Figure 17.3: Top 20 Words

Word Cloud 1

library(wordcloud)
library(RColorBrewer)
pal = brewer.pal(7, "Dark2")
wordcloud(words = names(word.freq), freq = word.freq, min.freq = 5, max.words = 1000,
    random.order = F, colors = pal)

Figure 17.4: Wordcloud-1

Word Cloud 2

library(wordcloud2)
# some data re-arrangement
term.freq2 = data.frame(word = names(term.freq1), freq = term.freq1)
term.freq2 = term.freq2[term.freq2$freq > 5, ]
# figure-3.4
wordcloud2(term.freq2)

Figure 17.5: Wordcloud-2

The word cloud reflects the discussion around the Federal Government’s new Energy Policy announced during the data time period

17.6 Sentiment Analysis

Classification of Sentiment Analysis Methods

17.6 shows various classification of sentiment analysis methods (Collomb, Costea, Joyeux, Hasan, & Brunie (2014))

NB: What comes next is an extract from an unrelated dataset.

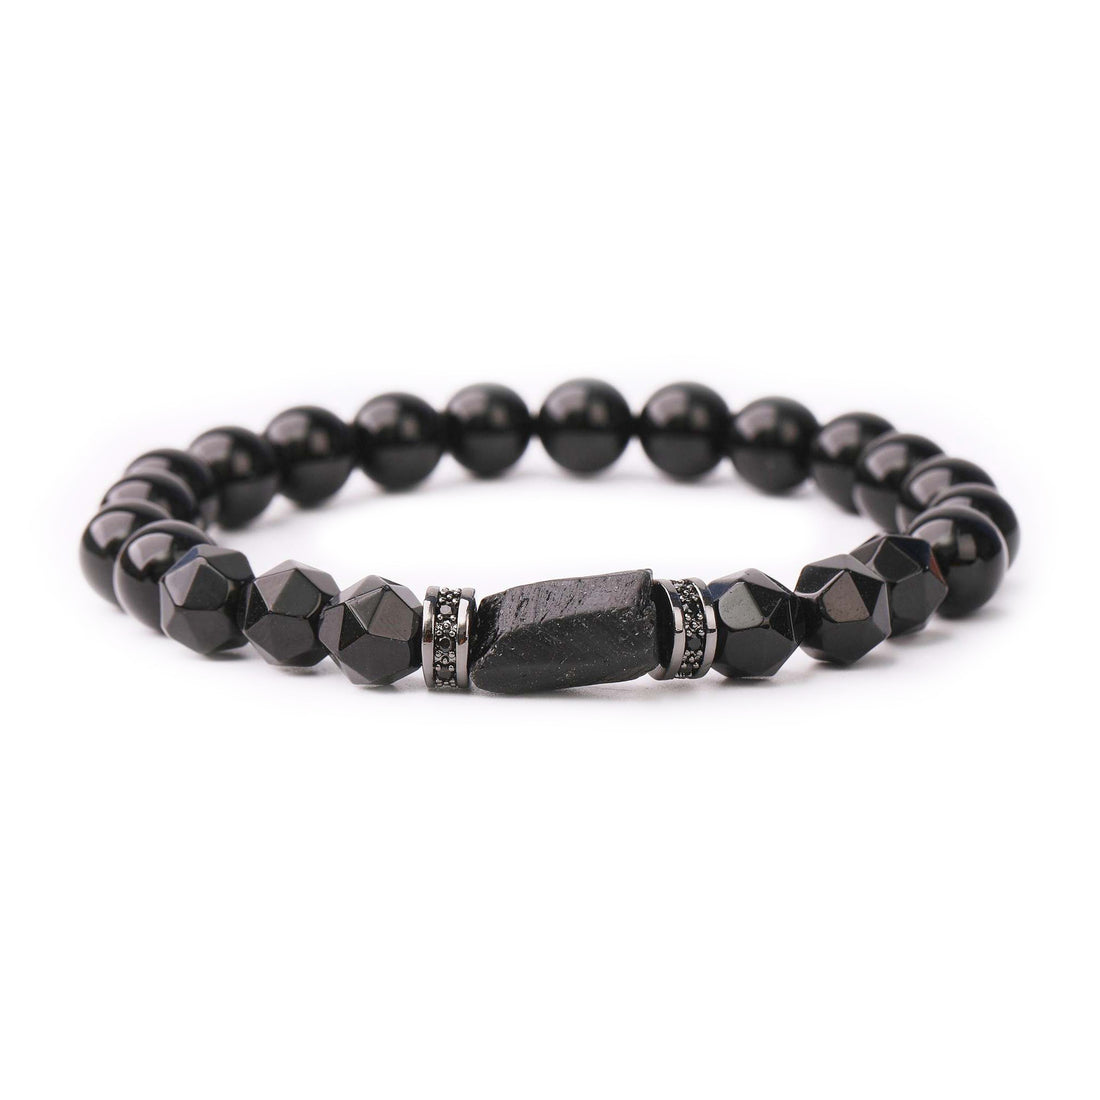 Black Tourmaline Bead Bracelet Handmade Natural Stone 2023 Black Onyx Stylish Healing Men's Women's Gifts

Figure 17.6: Classification of Sentiment Analysis Methods

17.6.1 Method

Lexicon (or Dictionary) based method used in the following illustration.
Sentence level classification
Eight emotions to classify: “anger, fear, anticipation, trust, surprise, sadness, joy, and disgust”
Lexicon Used: NRC Emotion Lexicon.
See http://saifmohammad.com/WebPages/NRC-Emotion-Lexicon.htm
See Mohammad & Turney (2010) for more details on the lexicon.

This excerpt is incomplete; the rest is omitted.